From the data below, copy exactly the lines that lie between the one holding "What has left you with pause and gratitude?" and the one holding "#MyNetwork #MyNetworkINS #WhatBringsYouJoy", including both, and nothing more.

DATASET RECORDS →
╔══

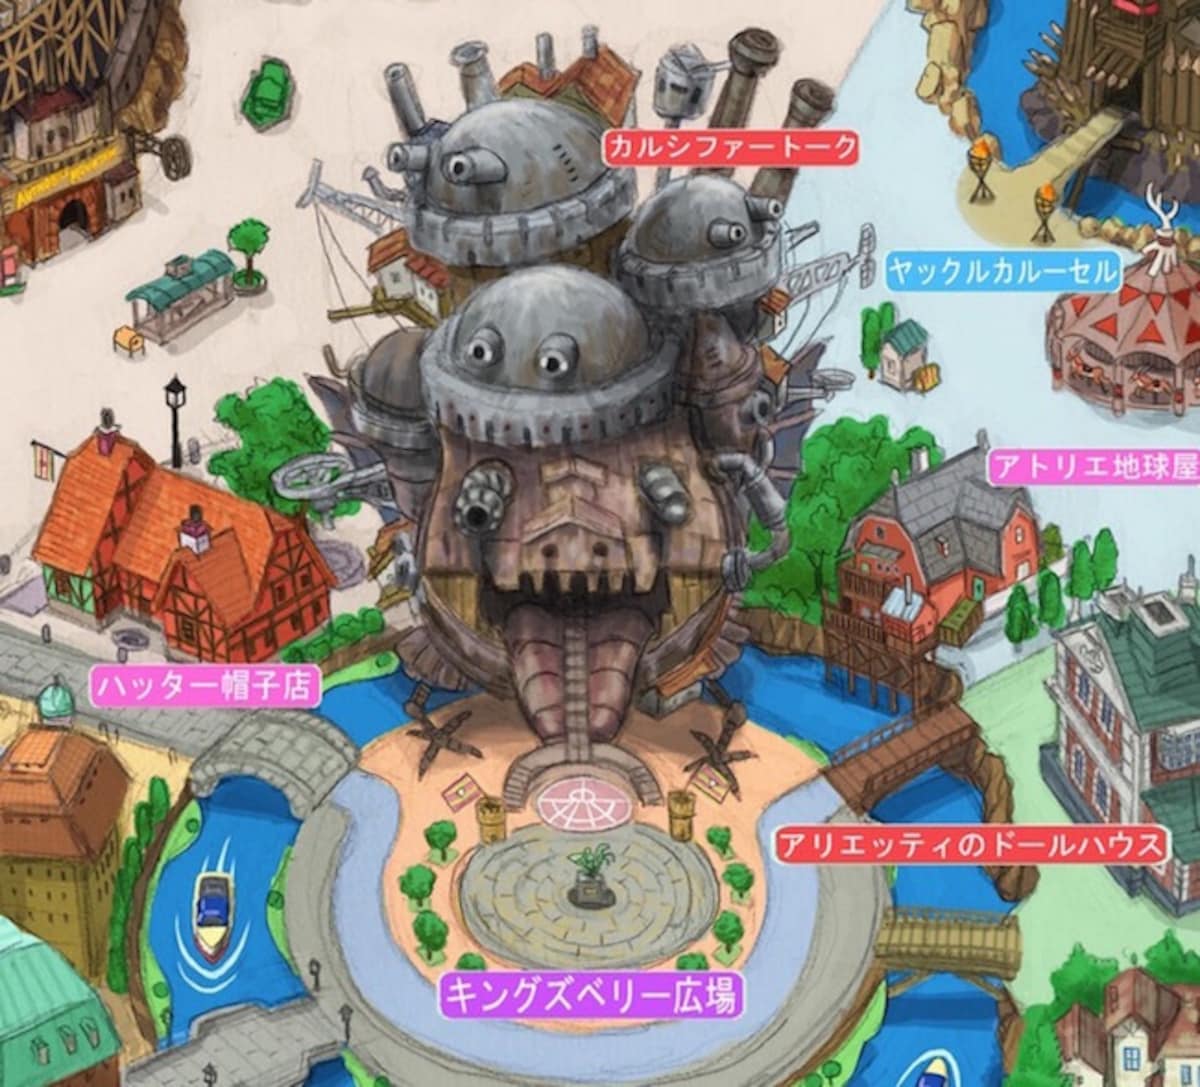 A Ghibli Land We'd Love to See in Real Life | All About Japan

╚══
╔══

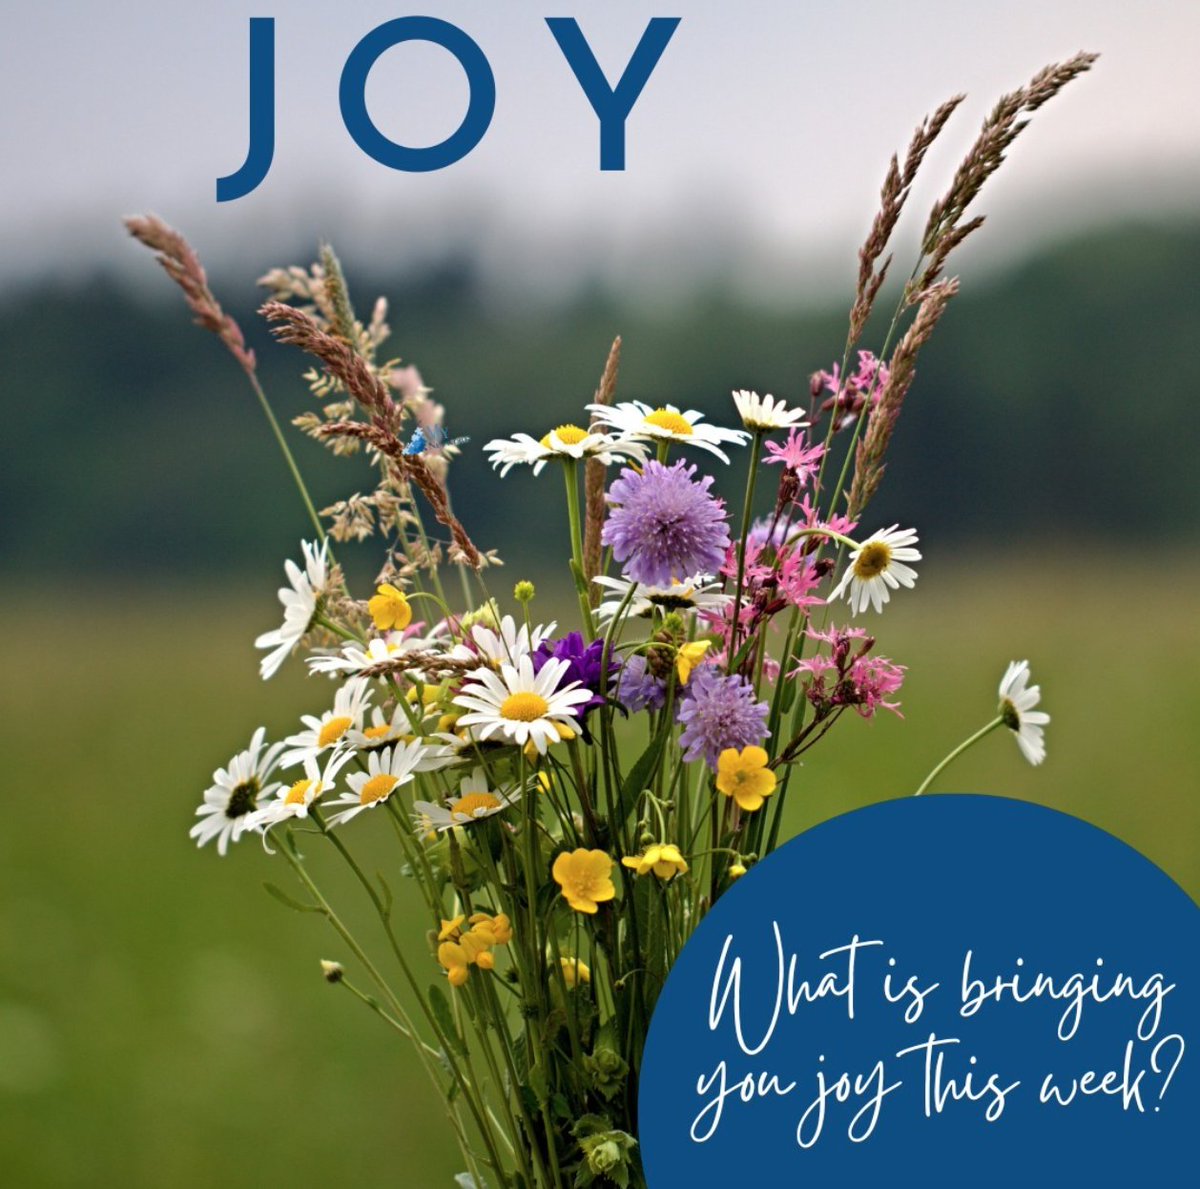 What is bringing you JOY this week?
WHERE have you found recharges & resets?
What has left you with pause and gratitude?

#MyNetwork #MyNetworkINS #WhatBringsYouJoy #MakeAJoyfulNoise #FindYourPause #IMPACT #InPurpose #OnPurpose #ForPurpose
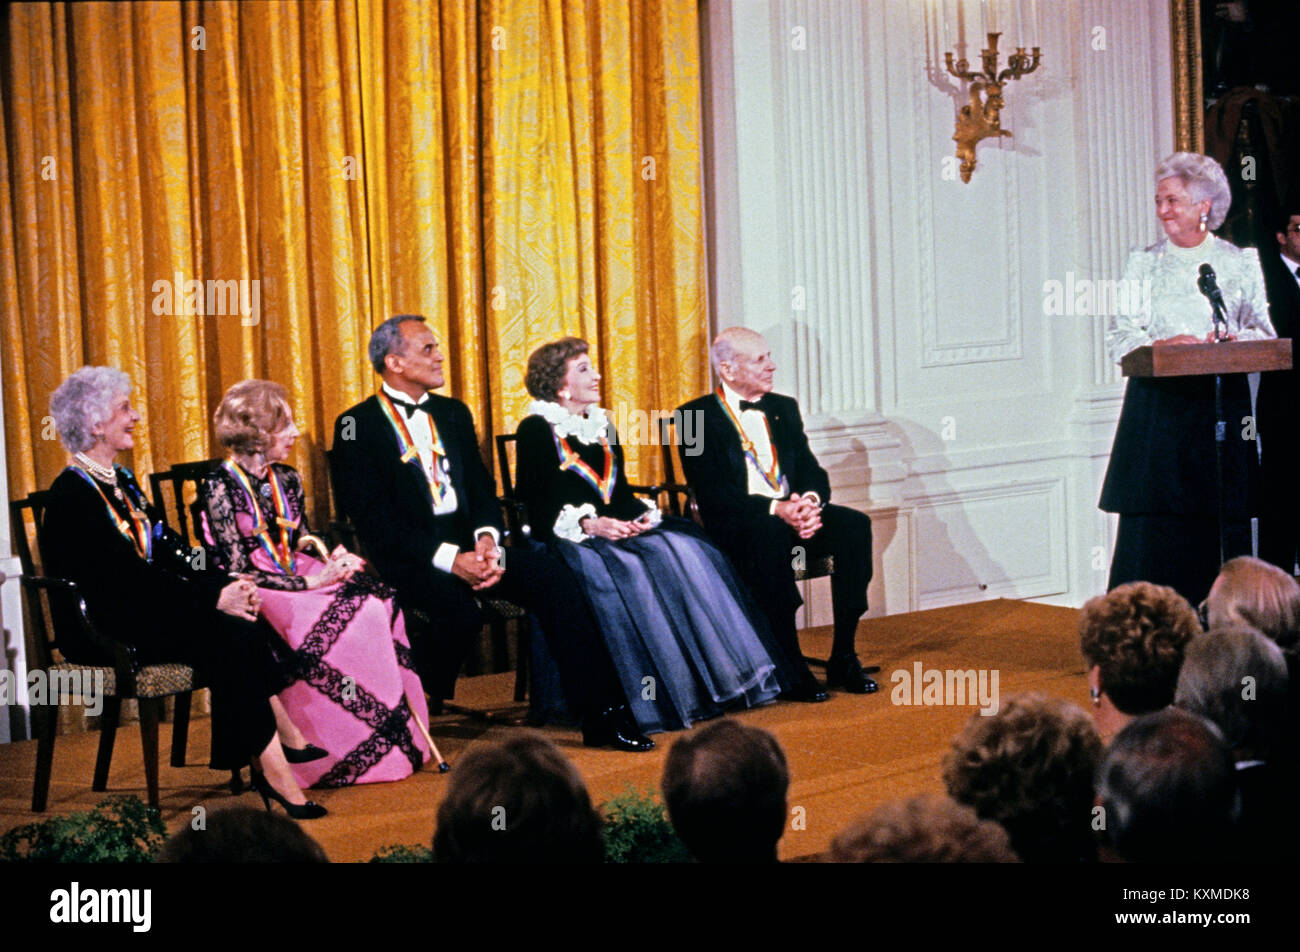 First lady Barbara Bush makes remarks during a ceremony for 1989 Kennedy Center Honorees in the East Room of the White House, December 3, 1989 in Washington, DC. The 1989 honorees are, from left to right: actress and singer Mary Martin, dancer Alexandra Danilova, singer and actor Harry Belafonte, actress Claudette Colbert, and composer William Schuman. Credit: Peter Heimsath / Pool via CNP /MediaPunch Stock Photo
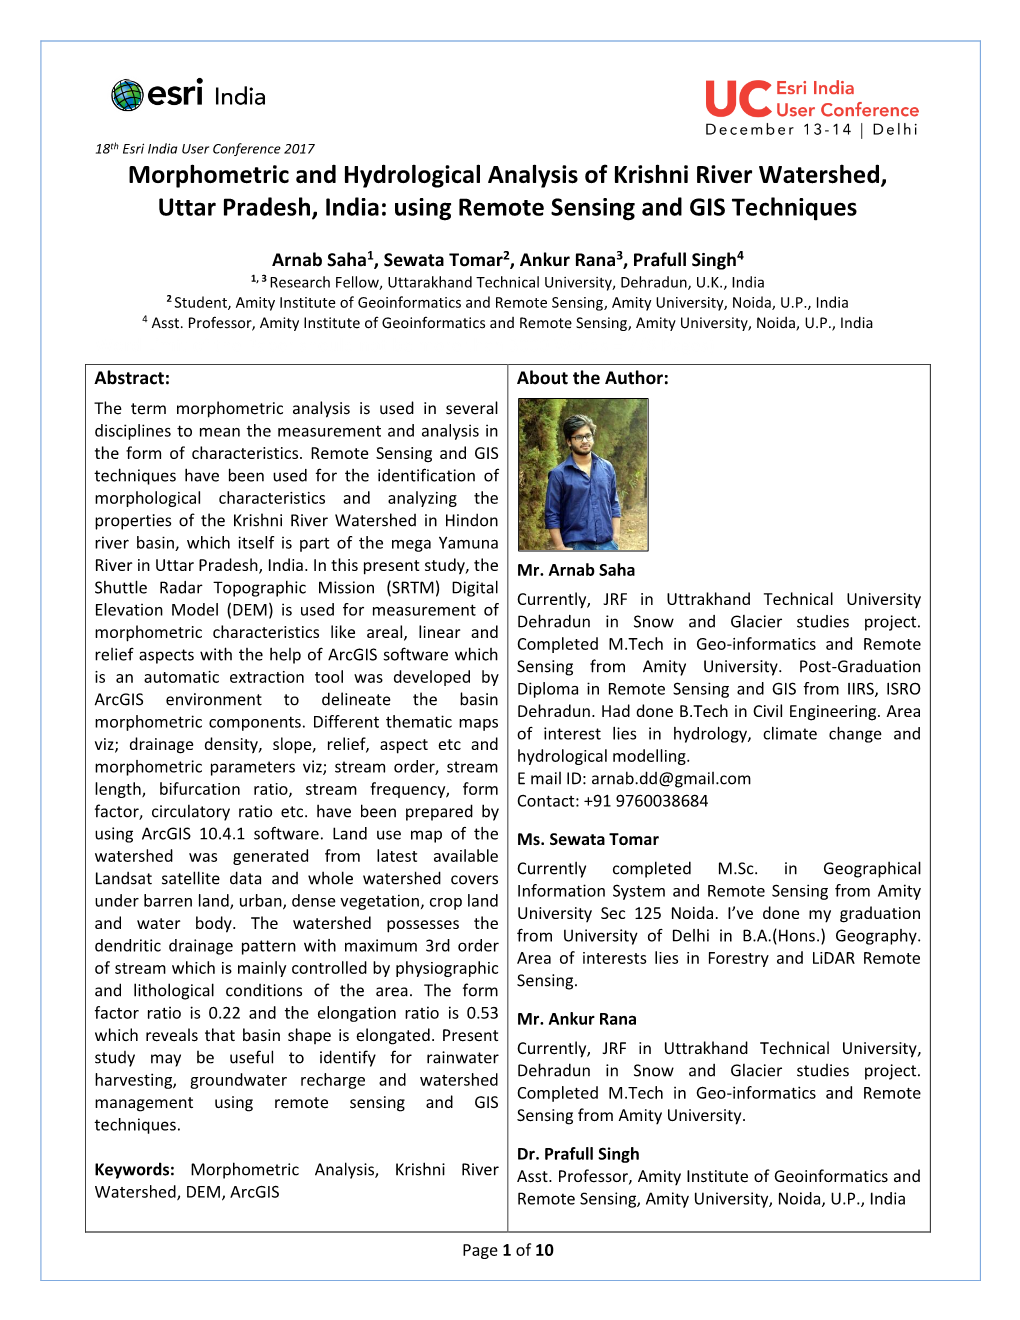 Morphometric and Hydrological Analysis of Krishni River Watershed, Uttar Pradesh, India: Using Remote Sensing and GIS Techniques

╚══

YOUR SOLUTION →
What has left you with pause and gratitude?

#MyNetwork #MyNetworkINS #WhatBringsYouJoy #MakeAJoyfulNoise #FindYourPause #IMPACT #InPurpose #OnPurpose #ForPurpose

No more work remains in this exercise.